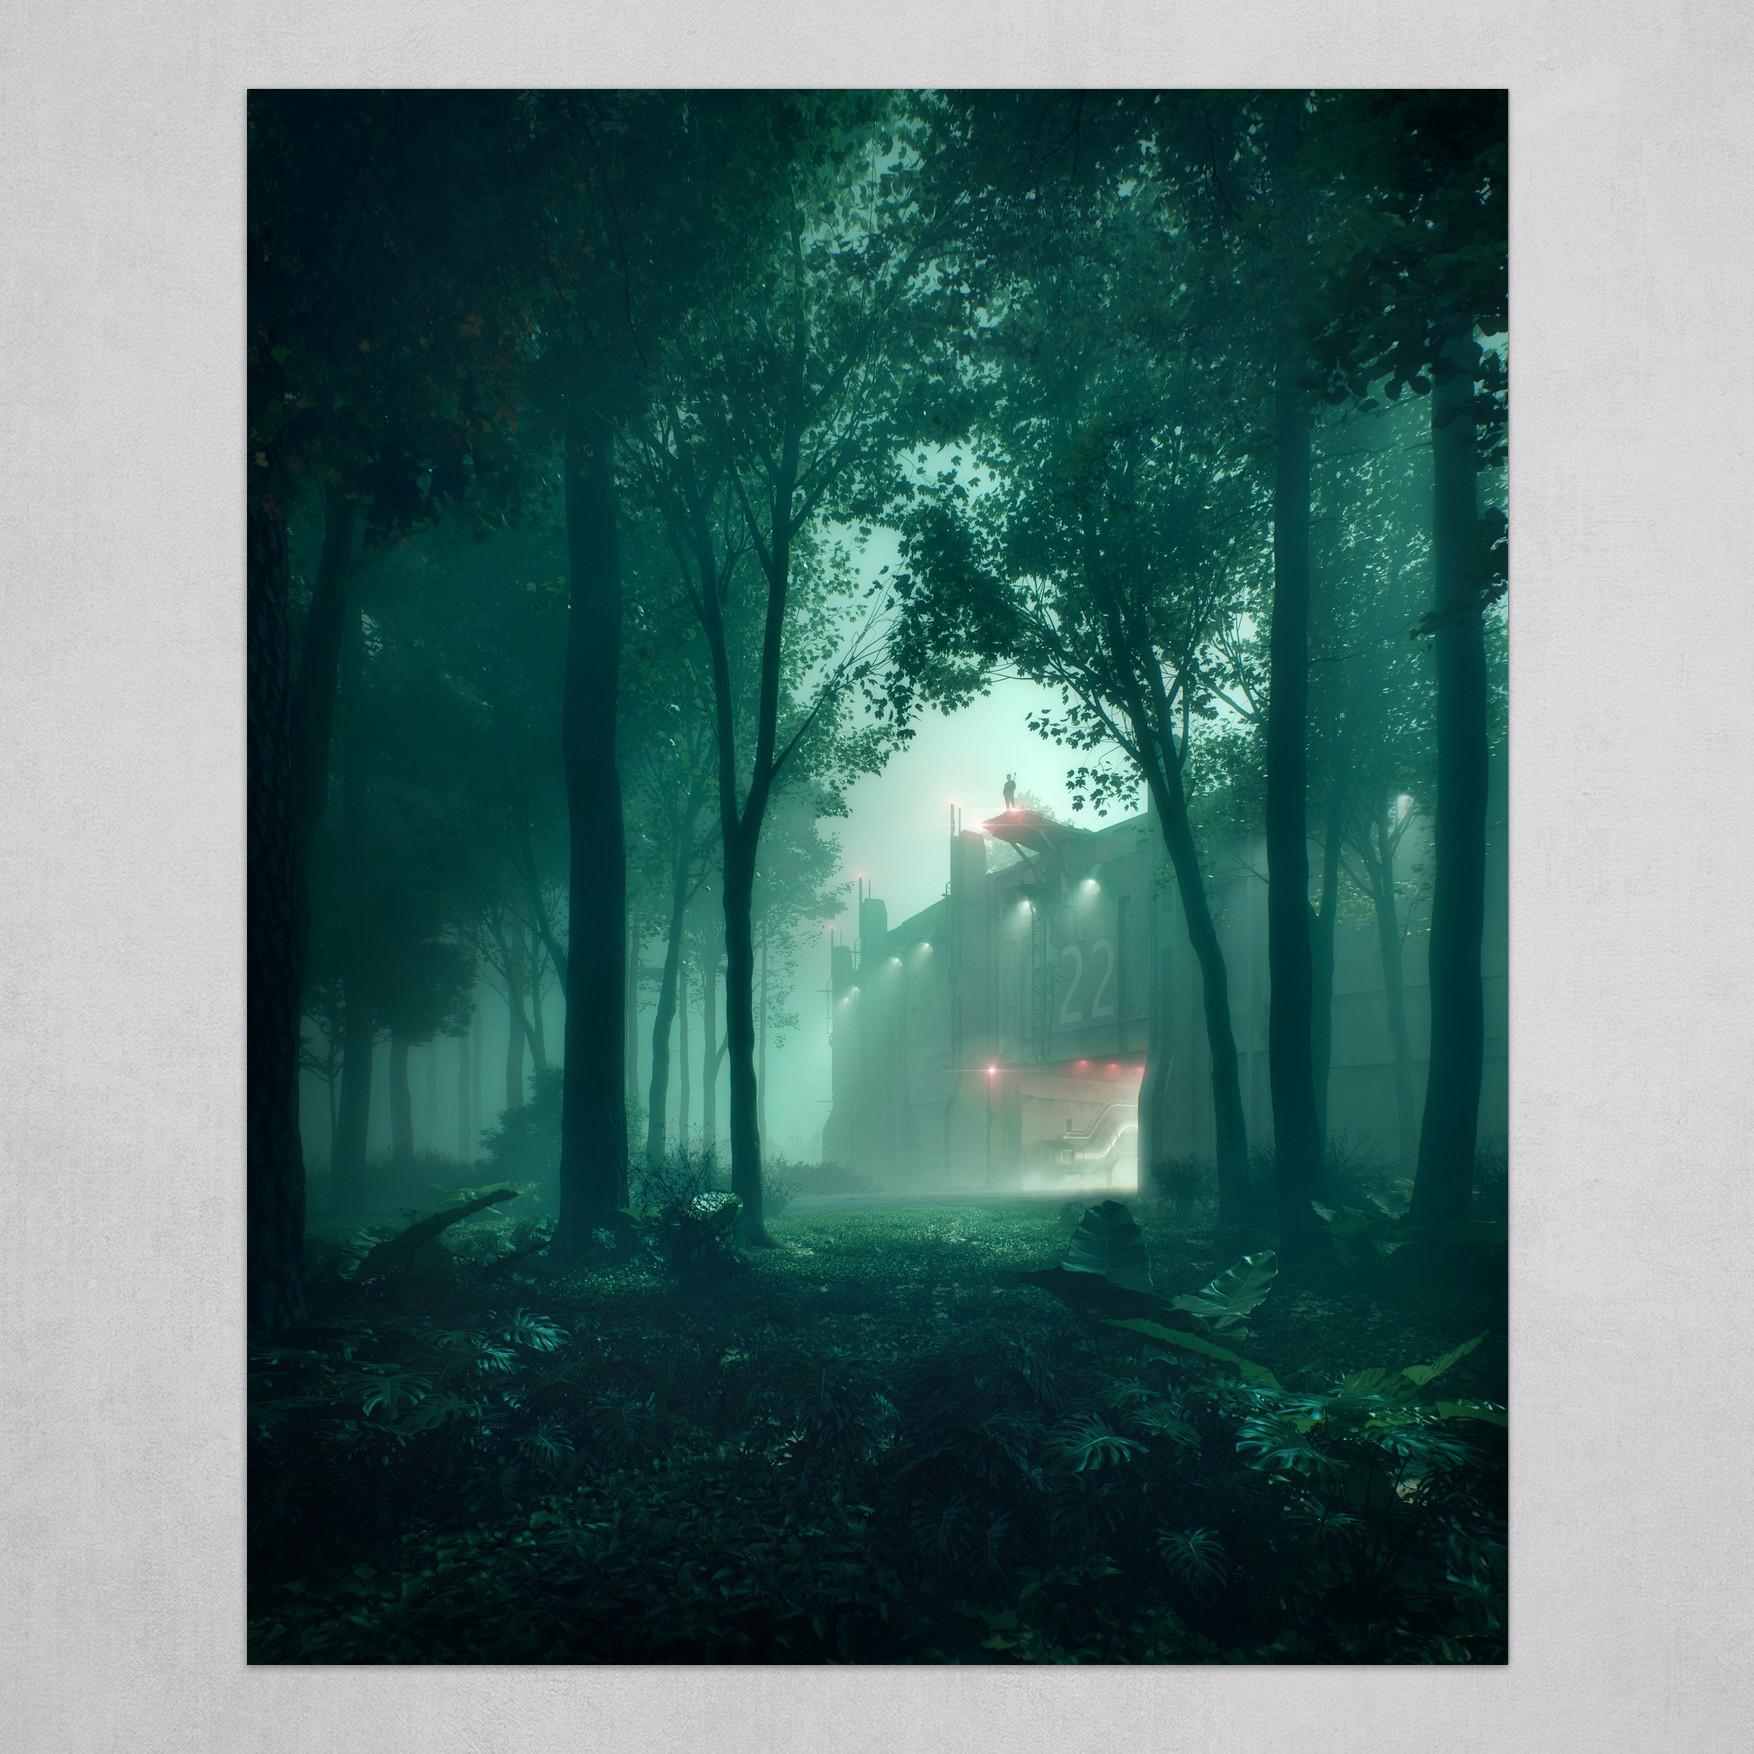 Project 22: The Secret Garden
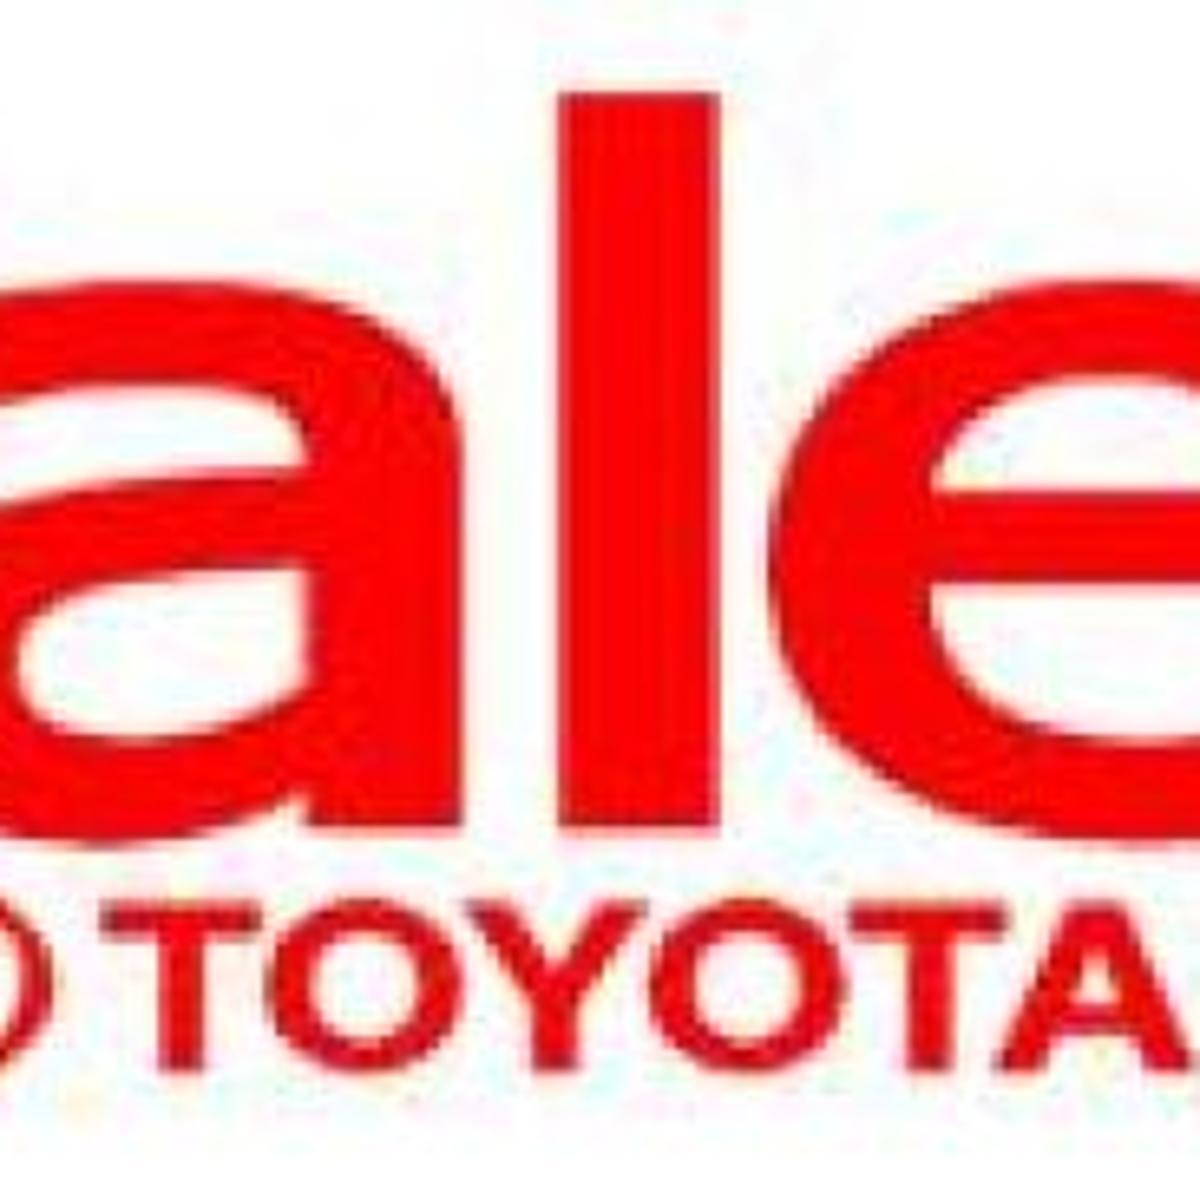 Haley Toyota Roanoke >> Storefront Work Begins On New Haley Toyota Dealership
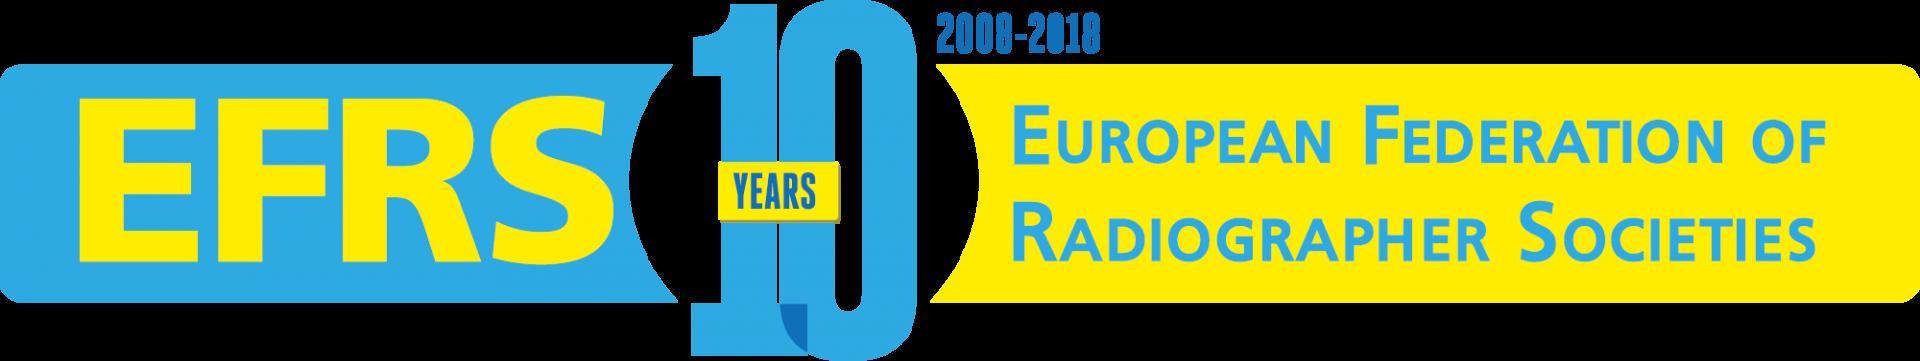 Efrs logo celebration
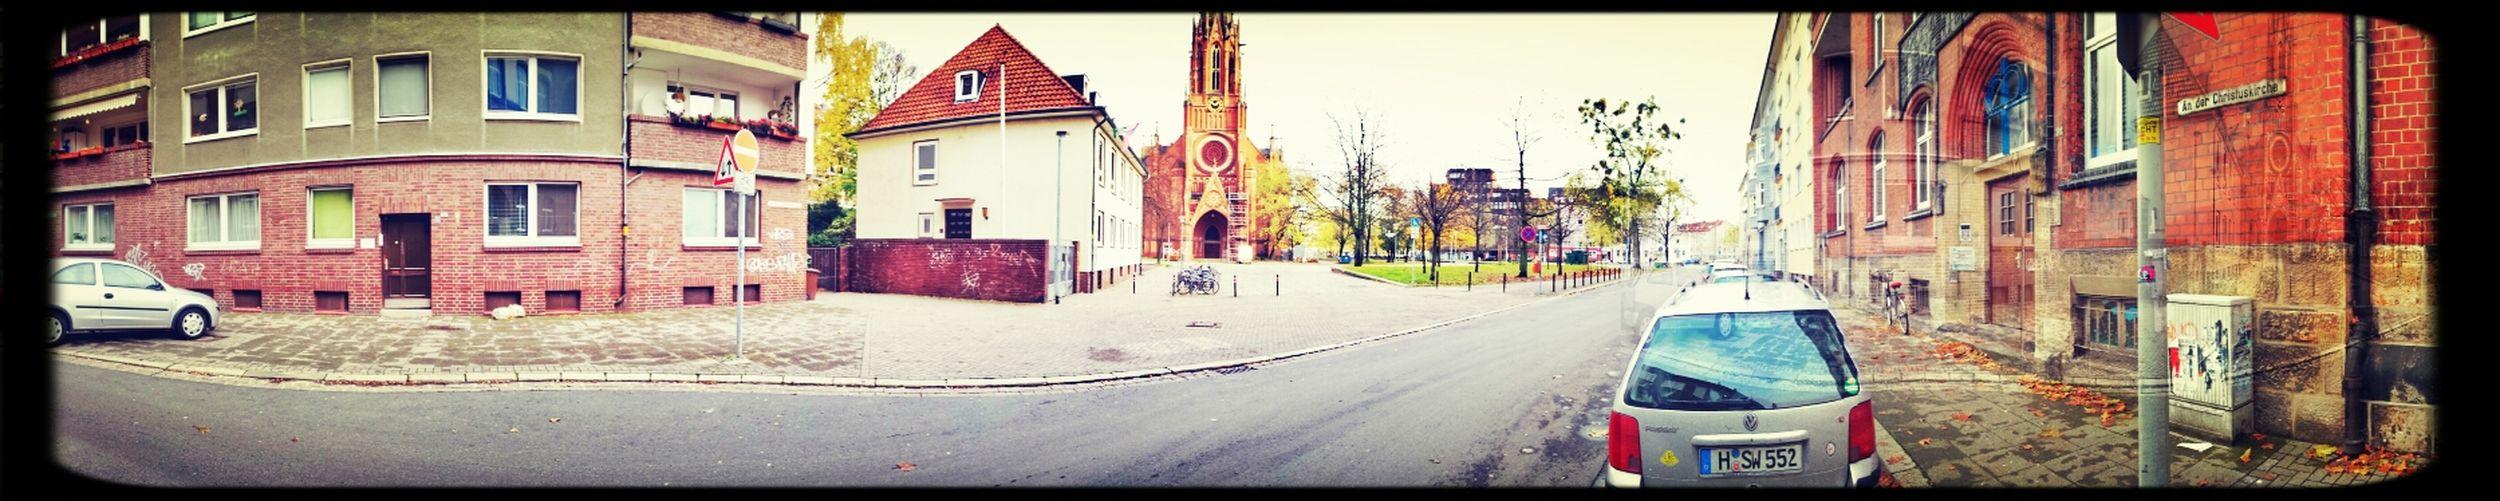 Church Hannover Germany
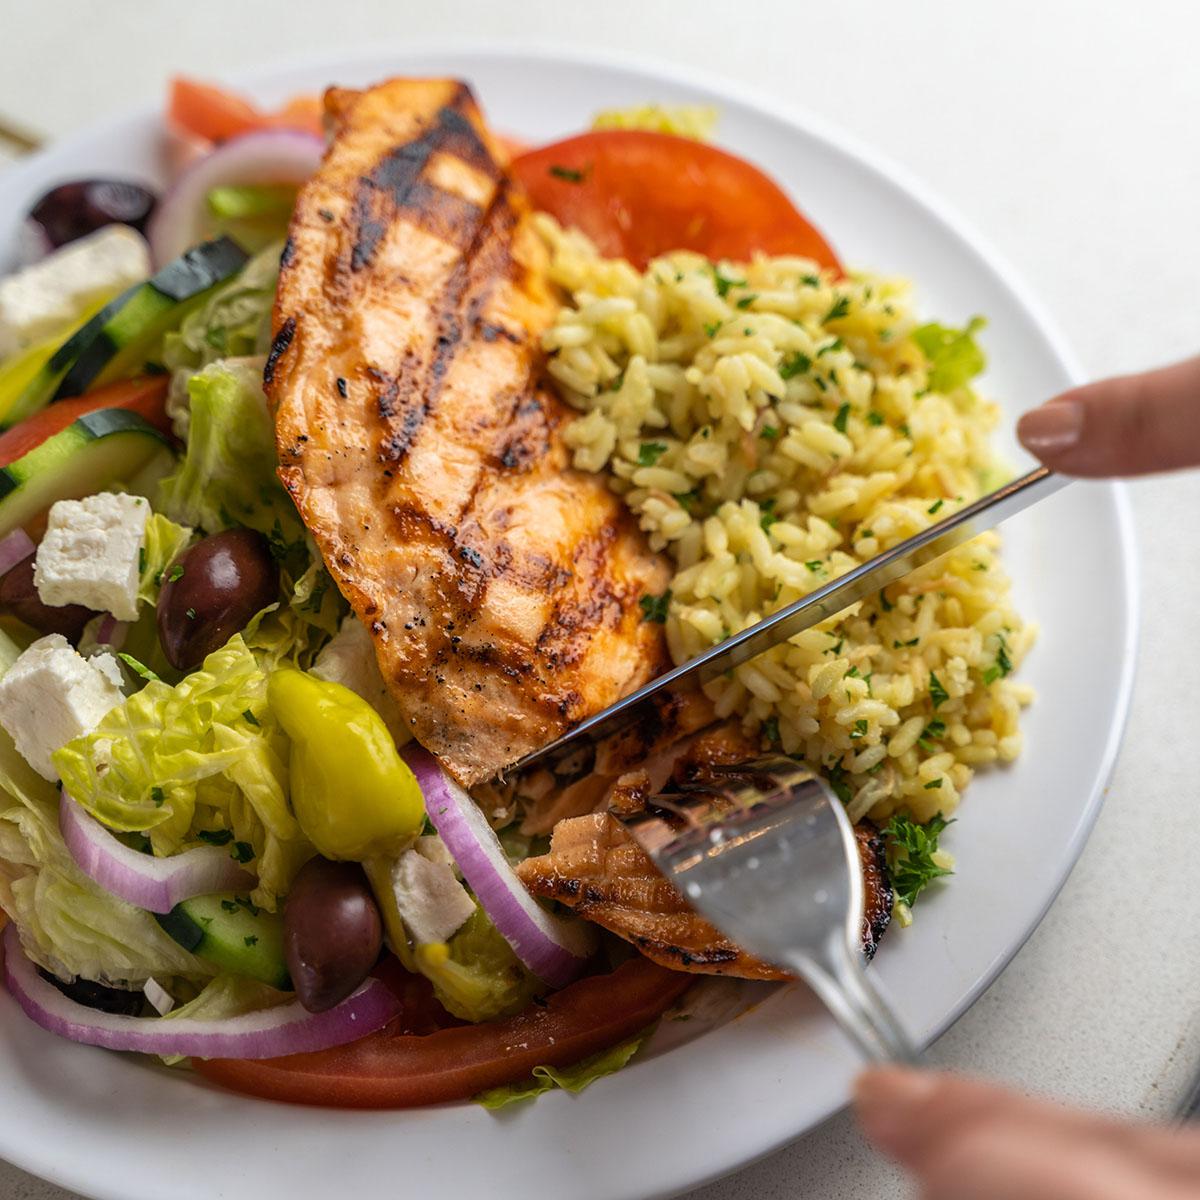 keto diet friendly grilled salmon

= = = = = = =

* **TASK BRIEF**
Without including the pictures, return each record above exactly as it stands.

* **RESULT**
 Project 22: The Secret Garden
 Haley Toyota Roanoke >> Storefront Work Begins On New Haley Toyota Dealership
 Efrs logo celebration
 Church Hannover Germany
 keto diet friendly grilled salmon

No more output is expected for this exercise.